A research team from the Department of Chemistry at Xi’an Jiaotong-Liverpool has measured for the first time the charge transfer of single-molecule junctions, using graphene and gold electrodes, marking an important step in understanding how electrons transfer through single molecules.
Their work has implications for the field of molecular electronics, a branch of electronics in which individual molecules perform the same function as microelectronic devices such as diodes.
Since the 1970s, researchers have investigated using individual molecules as functional building blocks in electronic circuits, but development has been restricted due to significant experimental challenges and practical devices that use the techniques have not yet materialised.
It is hoped the team’s research will contribute to the study of single-molecule junctions and help develop ever-smaller devices such as mobile phone, cameras and computers that offer more functions and better performance at a lower cost.
Molecular junctions consist of one or a small collection of molecules that are used as conductive elements to bridge two electrodes, separated by a distance called a nanogap due to its extremely small size.

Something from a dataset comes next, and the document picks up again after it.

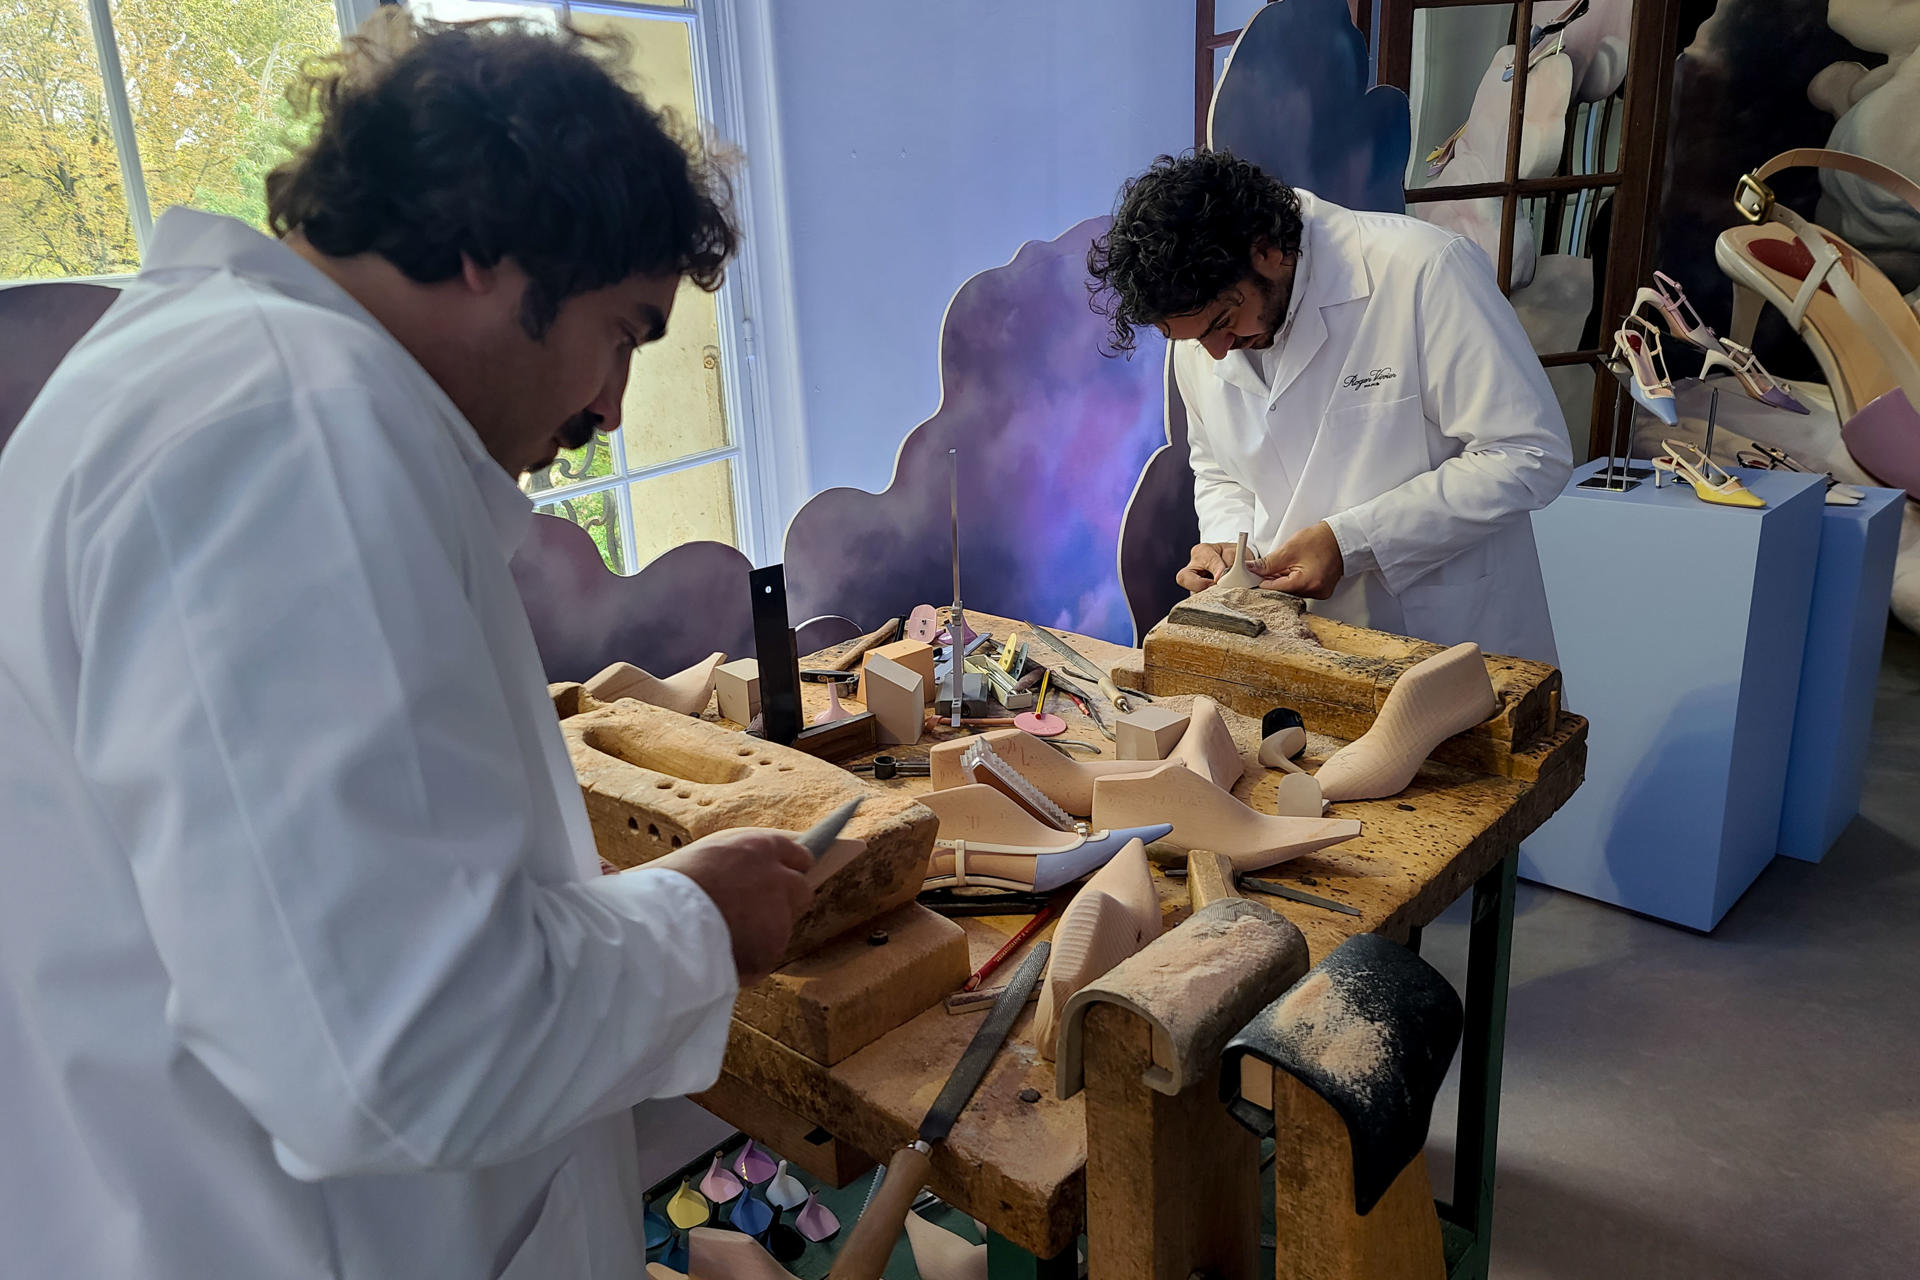 Dos hombres muestran el proceso de confección de los zapatos de la casa Roger Vivier, que presenta su nueva colección de calzado y bolsos durante la Semana de la Moda de París, este jueves en la capital francesa. EFE/ Edgar Sapiña Manchado

The work, which was led by Dr Li Yang at XJTLU, was published in the highly profiled Nanoscale journal, which has an impact factor of 7.76, a measure reflecting the average number of citations to recent articles published in a journal.
The research project, which is funded by the National Natural Science Foundation Council (NSFC) and the Jiangsu Science and Technology programme, has been conducted in close collaboration with Professor Richard Nichols from the Department of Chemistry at the University of Liverpool. In 2003 Professor Nichols developed a unique technique to construct and measure molecular junctions using a scanning tunneling microscope.
This technique marked the first time researchers could construct a molecular junction as well as measure the single molecule conductance in a stable manner. It is seen by many as the true beginning of molecular electronics.
He visited XJTLU in the end of June as part of a mid-term project progress meeting and praised the research team for overcoming the technical challenges in performing their experiment. He added that he and his team in Liverpool had successfully formed molecular junctions on indium-tin oxide (ITO) and gallium arsenide (GeAs) electrodes, but not on two-dimensional graphene as the XJTLU team had.
“This carbon monolayer exhibits remarkable electronic, thermal, mechanical and optical properties due to its zero-band gap, flat and super-thin structure, making it useful as a platform for electronics, sensors, and electrodes in field effect transistors and as transparent contacts for photovoltaic devices," he said.
Qian Zhang is a Phd student who worked on the experiment. He said: “The graphene junction is creating a stronger charge transfer compared to those of equivalent junctions made with metal contacts. This is related to the weak coupling at the molecule-graphene interface and the electronic structure of graphene.”